El 22 de febrero, Hungría anunció que detendría resueltamente la aprobación del último paquete de sanciones de la Unión Europea (UE) contra Rusia. Esta dura decisión fue tomada por el Ministro de Relaciones Exteriores, Péter Szijjártó, inmediatamente después de la reunión de emergencia del Consejo de Seguridad Energética celebrada el fin de semana pasado.
Funcionarios de Budapest declararon que continuarán negando los esfuerzos de embargo del bloque hasta que Kiev acepte reparar el gasoducto Druzhba dañado por el fuego ruso y restablecer el flujo de petróleo crudo a su territorio. Se espera que el paquete de sanciones número 20 que Hungría no apoya se discuta en la reunión de ministros de Asuntos Exteriores de la UE el 23 de febrero.
En la reunión, el Consejo de Seguridad Energética también consideró el tema de las exportaciones de electricidad a Ucrania, que representa casi la mitad de las importaciones totales de electricidad de Kiev. El ministro de Relaciones Exteriores, Szijjártó, señaló que es necesario actuar con cautela porque los cortes de energía repentinos afectarán directamente a la comunidad civil en la región de Transcarpacia.

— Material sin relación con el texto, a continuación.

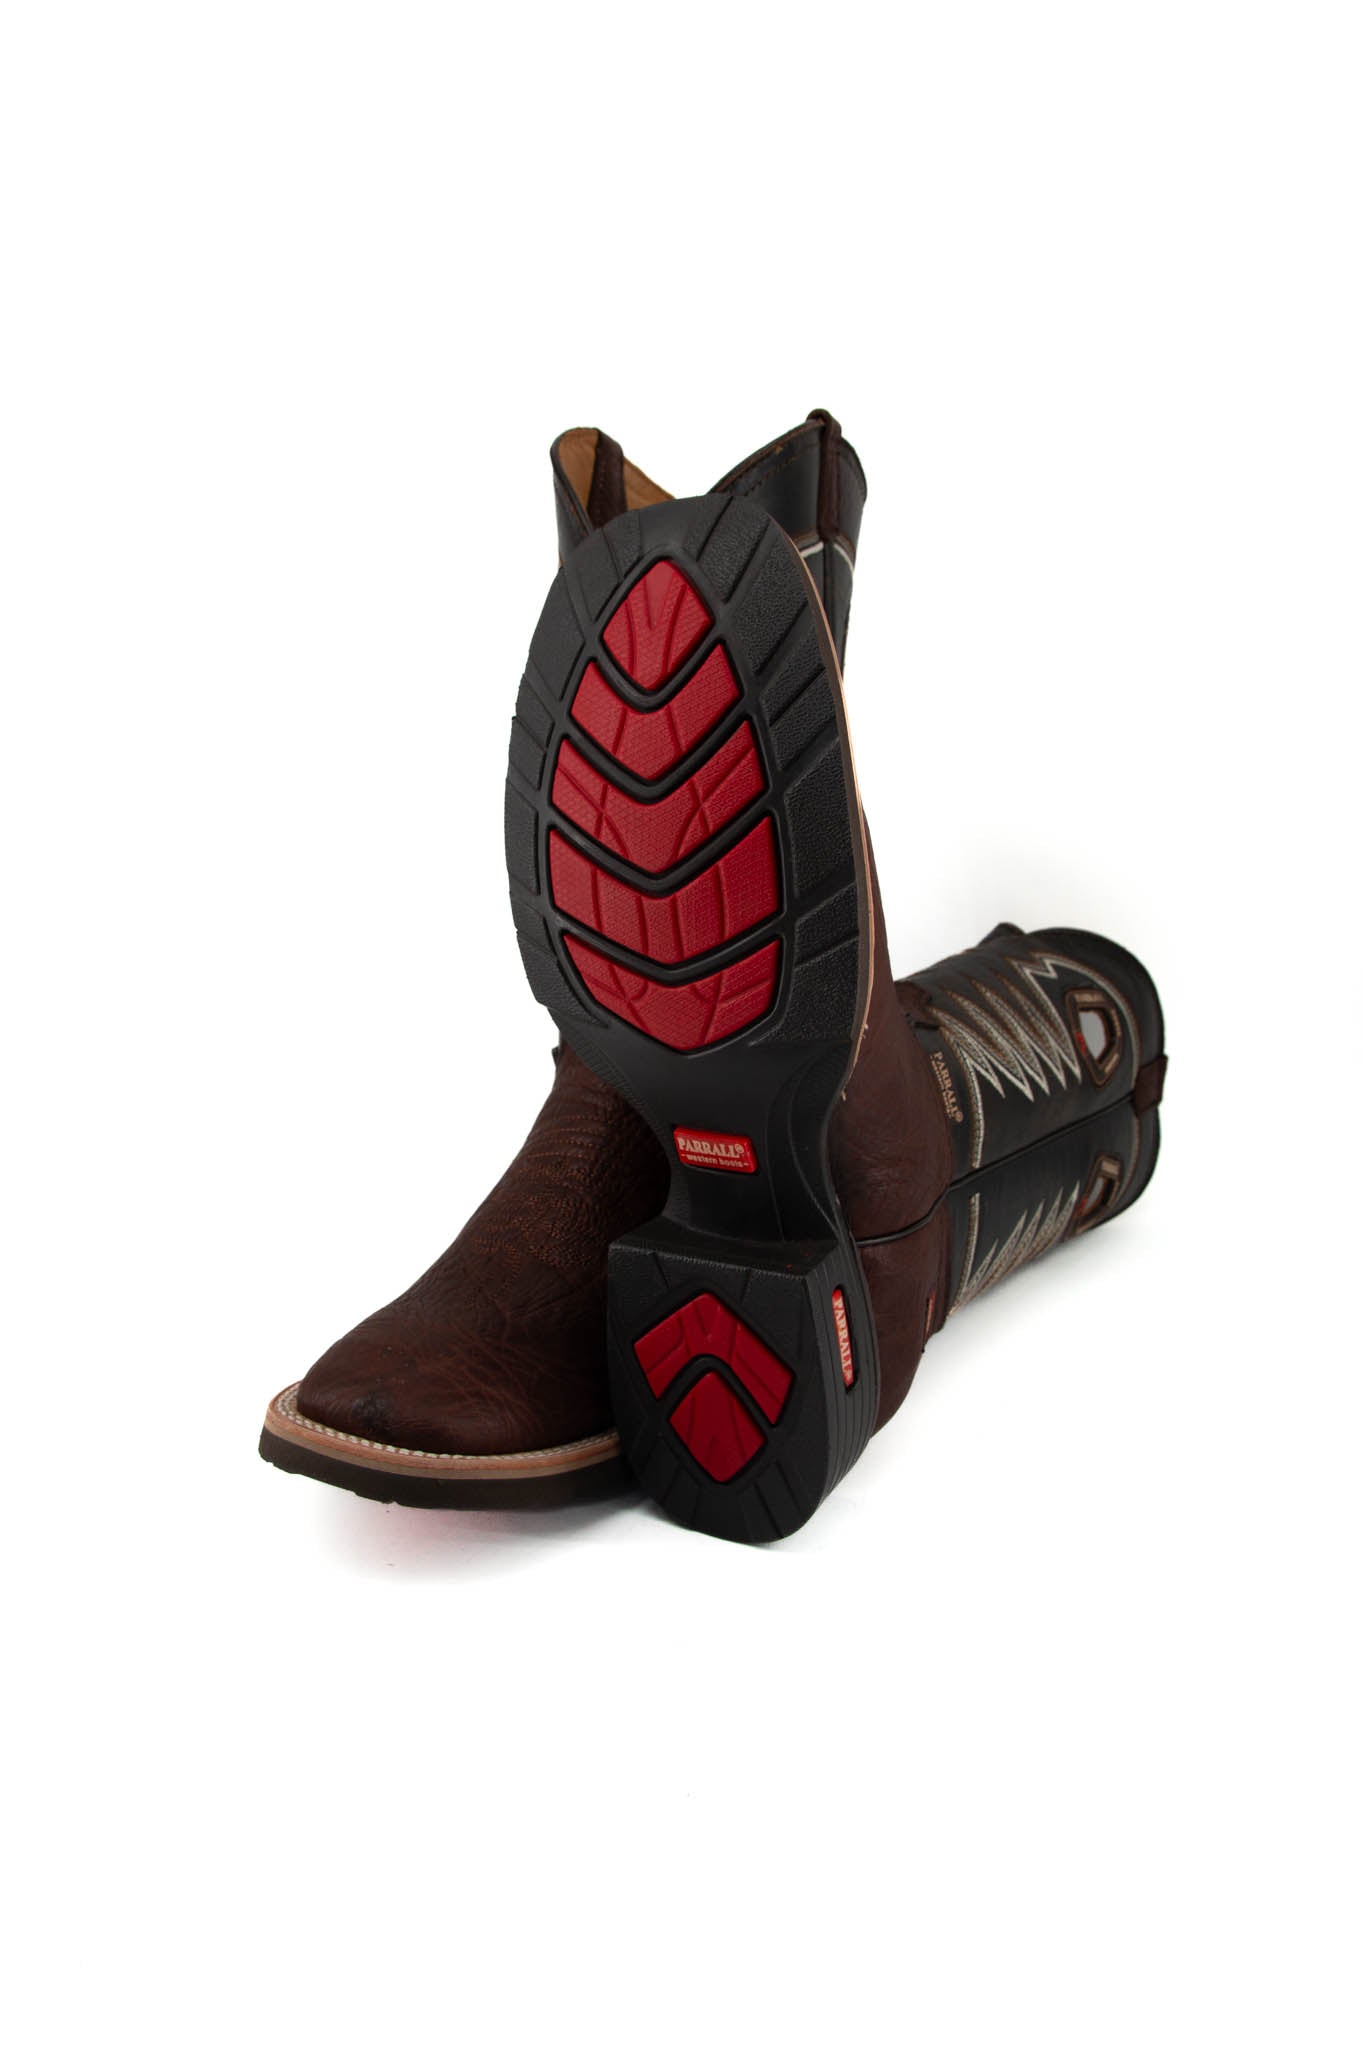 Parrall 630 Shoulder Original Miel Square Toe Cowboy Boot

Sin embargo, el primer ministro húngaro, Viktor Orbán, afirmó que no restablecerá el suministro de combustible diésel que fue suspendido la semana pasada. Al mismo tiempo, Budapest continuará bloqueando el paquete de préstamos de 90 mil millones de euros que la UE ha decidido asignar a Kiev.
De acuerdo con esta medida, el primer ministro eslovaco Robert Fico también emitió una dura advertencia. Declaró que si el suministro de petróleo no se reanudaba antes del 23 de febrero, Bratislava ordenaría a la Corporación Eléctrica Nacional (SEPS) que detuviera urgentemente el suministro de electricidad a Ucrania.
En respuesta a la intensa presión, el Ministerio de Relaciones Exteriores de Ucrania condenó enérgicamente los ultimátums de los gobiernos de Eslovaquia y Hungría. Kiev afirmó que el estancamiento del flujo de energía desde finales de enero es una consecuencia de fuerza mayor después de que un dron ruso atacara directamente el gasoducto Druzhba.
El Ministerio de Relaciones Exteriores de Ucrania criticó la acción de amenazar con cortar la electricidad de los dos países vecinos en medio de que la infraestructura energética del país está siendo devastada por Moscú en un invierno severo como "irresponsable, provocadora y amenazante para la seguridad energética de toda la región".
Si bien la mayoría de los países europeos han reducido significativamente o terminado por completo las importaciones de energía de Rusia desde febrero de 2022, Hungría y Eslovaquia aún mantienen enormes suministros de Rusia gracias al régimen de inmunidad temporal de la UE. El primer ministro Orbán ha argumentado repetidamente que los combustibles fósiles rusos son un factor de supervivencia, y la repentina transición del suministro empujará a la economía de este país a un escenario de colapso inmediato.